- The world is full of strangers, and not just on trains. Walking past you on the street, sitting next to you on the bus, shopping at the same grocery store--it's tough to imagine a time when you're not surrounded by strangers. Most of them are normal people like yourself. Some, like Bruno Anthony (Robert Walker), are much more dangerous. When tennis star Guy Haines (Farley Granger) first meets Bruno, he has no way of knowing that this particular stranger is a complete lunatic. Sure, Bruno is oddly chatty and uncomfortably interested in Guy's personal life, but maybe Bruno's theory about a "perfect murder" is nothing more than an eccentric bit of idle conversation. Then again, maybe not.
- As Bruno eagerly elaborates, his plan involves "swapping murders" with Guy. Bruno would kill Guy's inconvenient wife Miriam (Kasey Rogers) and in exchange would expect Guy to kill Bruno's father (Jonathan Hale). Although Miriam's death certainly would allow Guy to marry his sweetheart, Anne Morton (Ruth Roman), we gather that he hardly considers murder to be a viable solution to his problems. "You think my theory's okay? You like it?" Bruno asks. "Sure, Bruno, sure. They're all okay," Guy replies. In Guy's mind, he's just found the least impolite way to end a disturbing conversation with an odd man. From Bruno's twisted perspective, the two of them have just entered into a murder pact. "Criss-cross, criss-cross," Bruno mutters happily to himself.
- Not long after Guy professes an understandable desire to strangle Miriam, a profligate partier if ever there was one, Bruno steps in to fulfill this wish in a very literal way. In an amazing set of scenes, the playfully menacing Bruno stalks Miriam and her friends through an amusement park. It would have been frightening enough to have Bruno lingering in the shadows, but the film instead boldly chooses to keep him out in the open, where Miriam notices him several times. Surprisingly, this makes the entire sequence even more suspenseful, as Miriam is constantly glancing back over her shoulder to keep tabs on her creepy admirer.

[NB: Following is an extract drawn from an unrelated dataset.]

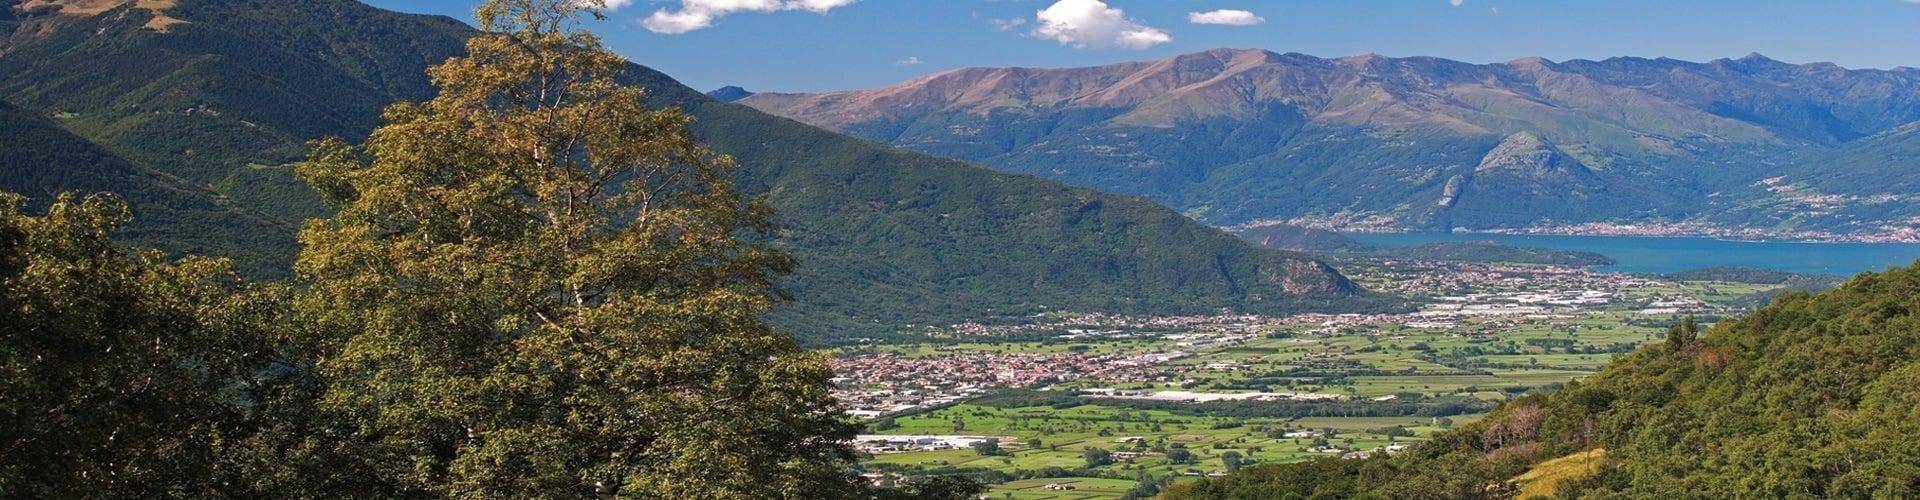 Prodotti tipici della Bassa Valtellina: Piantedo e Delebio

Finally, at an island "lover's lane," Bruno completes his half of the imagined bargain, the details of which are reflected in Miriam's dropped glasses. Needless to say, Guy is surprised when Bruno later shows up at his apartment to inform him that the deed is done. Of course, Bruno is equally surprised that Guy has no intention of reciprocating. With an alibi unfortunately "full of bourbon," Guy must now find a way to implicate the increasingly ubiquitous Bruno before ending up in jail himself.
- Strangers on a Train contains so many great scenes that it is a challenge even to mention them all, let alone to discuss them in any detail. While the final nightmarish carousel ride is probably the film's most famous scene, the most imitated may be the one in which Bruno desperately reaches into the storm drain for Guy's lighter, one of the quintessential Hitchcock MacGuffins. Another great scene takes place in the middle of the film, when an overly enthusiastic Bruno demonstrates his strangulation technique at a society ball. As Bruno's mother (Marion Lorne) might say, "he sometimes goes a little too far." Like a later Hitchcock psychopath, Robert Walker does such a great job with the role that it is difficult to imagine anyone else as Bruno. It's enough to make you look around and wonder what other kinds of strangers are out there.

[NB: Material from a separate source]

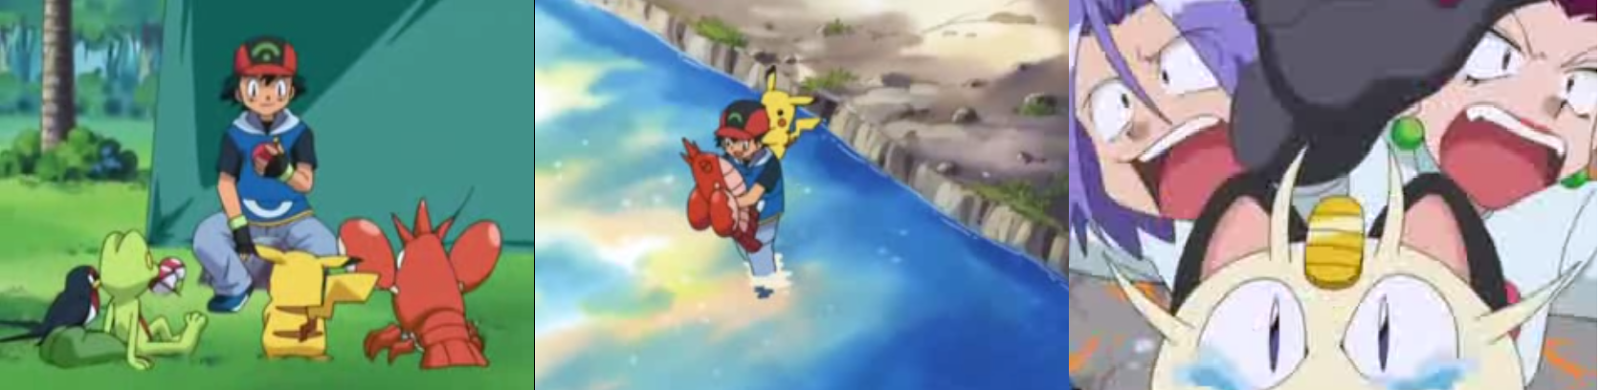 Pokemon Capitulo 24 Temporada 6 Un Corphish Fuera Del Agua

- I spotted Hitchcock carrying a bass onto the train.
- Apparently, Raymond Chandler was a writer although he seems not to have gotten along very well with Hitchcock. Obviously, the story was adapted from the Patricia Highsmith novel.
- I missed mentioning that Patricia Hitchcock and Leo G. Carroll were also in this film.
- Much of the film takes place in Washington DC. The Jefferson Memorial and Capitol are both easily visible.
- This was Robert Walker's last completed film before his untimely death.